SandRidge Energy (SD) is an independent oil & gas E&P focused on the Mid‑Continent (primarily Oklahoma, Kansas and Texas) with concentrated leasehold in the Mississippian Lime, Meramec and Cherokee plays. As of year‑end 2024 the company reported 63.1 MMBoe proved reserves, averaged ~16.5 MBoe/d, and holds meaningful NGL exposure (~33% of proved reserves by BOE). The business emphasizes disciplined, return‑focused development and opportunistic M&A (notably the 2024 Cherokee acquisition), runs a one‑rig 2025 program, and entered 2025 with no term/revolving debt and roughly $100M of cash. Key operational risks that shape near‑term performance include commodity price volatility, midstream/transport constraints, regulatory and environmental rules (including Oklahoma seismicity-related disposal issues), and reserve/ceiling‑test sensitivity.

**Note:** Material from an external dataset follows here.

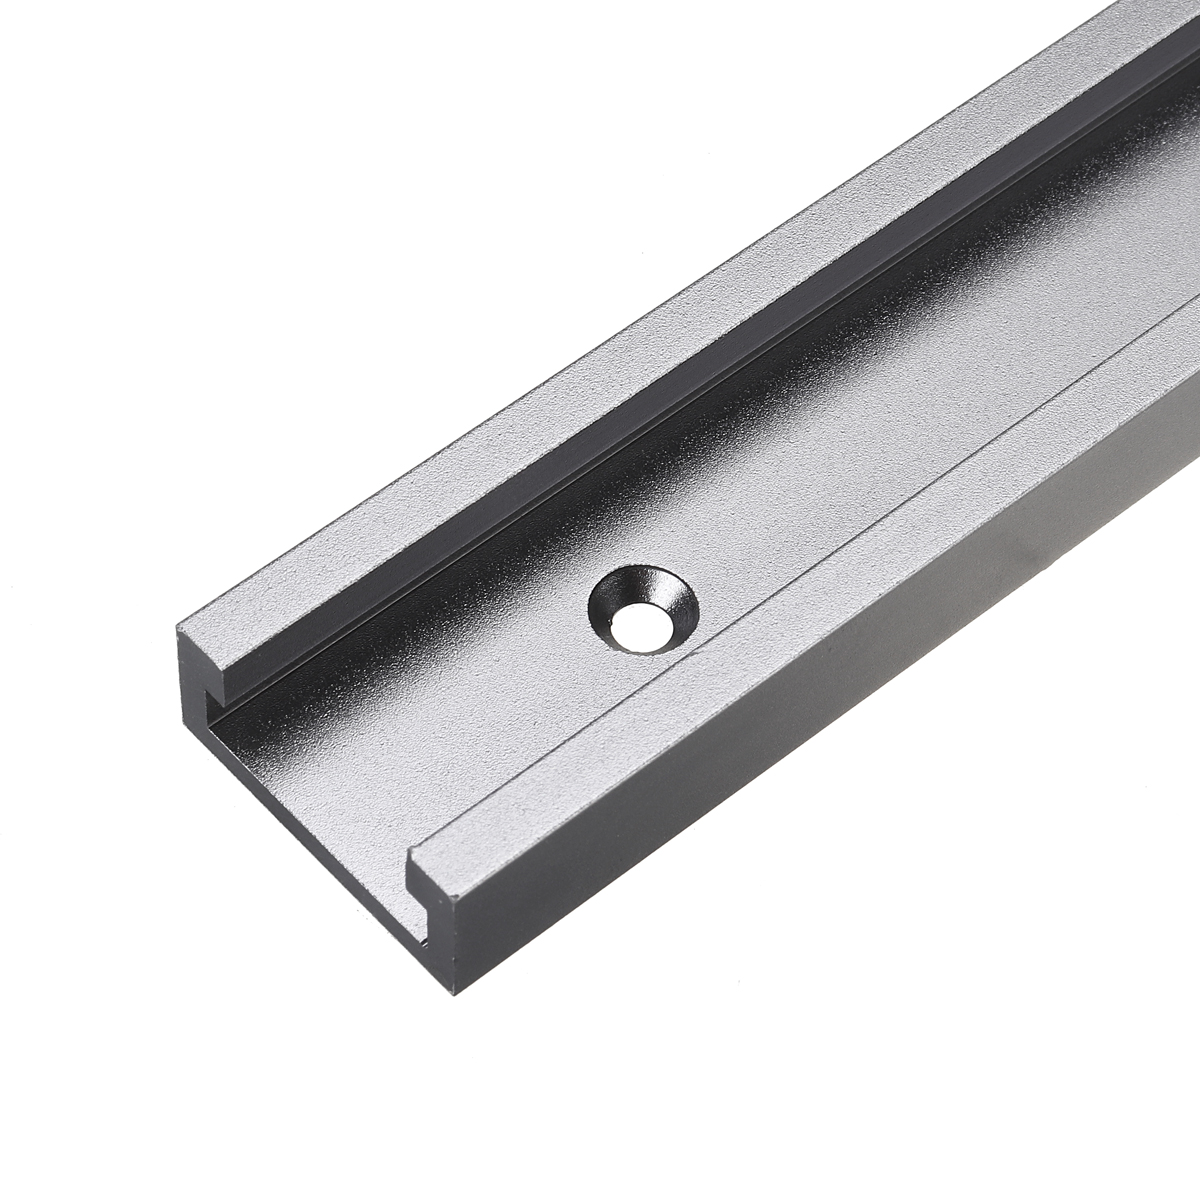 300mm-to-1220mm-Grey-T-Track-with-Predrilled-Mounting-Holes-30mm-x-128mm-Miter-Slot-for-Saw-Router-T-1810952-8

Compensation for SandRidge executives is likely structured to reward capital efficiency, cash generation and reserve economics rather than pure production growth, given the company’s stated return‑of‑capital focus and use of NOL carryforwards to maximize cash flow. Pay plans will probably emphasize metrics tied to realized commodity prices, EBITDA/cash flow from operations, per‑well economics (IRR, FCF per well), reserves replacement and PV‑10 or SEC proved reserve measures (DD&A and depletion rose materially post‑Cherokee). Safety/HSE performance and operating costs (LOE per Boe) are also logical short‑term targets given the firm’s field control and active HSE programs; longer‑term incentives may be tied to successful M&A execution and avoiding ceiling‑test impairments. The Board’s capital‑allocation stance (maintaining dividends, opportunistic buybacks) creates potential overlap between executive pay outcomes and shareholder distributions, so bonus formulas may reference dividend sustainability and leverage metrics (the company currently has no debt).
Insider activity at SandRidge is likely to cluster around events that materially change cash flow or reserve outlooks: earnings/reserve disclosures, the close or integration of acquisitions (e.g., Cherokee), dividend declarations or buyback announcements, and any indication of full‑cost ceiling impairments. With a high NGL mix, commodity price swings (and derivative hedge settlements that can cap or offset upside) will drive short‑term stock moves that insiders may respond to; expect increased scrutiny of trades around large commodity‑driven revenue swings and tax/valuation allowance events (the company recorded a $22.2M tax benefit in 2024). Regulatory developments (Oklahoma disposal/seismic rules, EPA methane/WOTUS changes) and permitting news can also be catalysts for insider buys/sells; standard Section 16 reporting, quiet‑periods around earnings/reserve releases, and the use of 10b5‑1 plans should be monitored to distinguish opportunistic sales from pre‑planned diversification.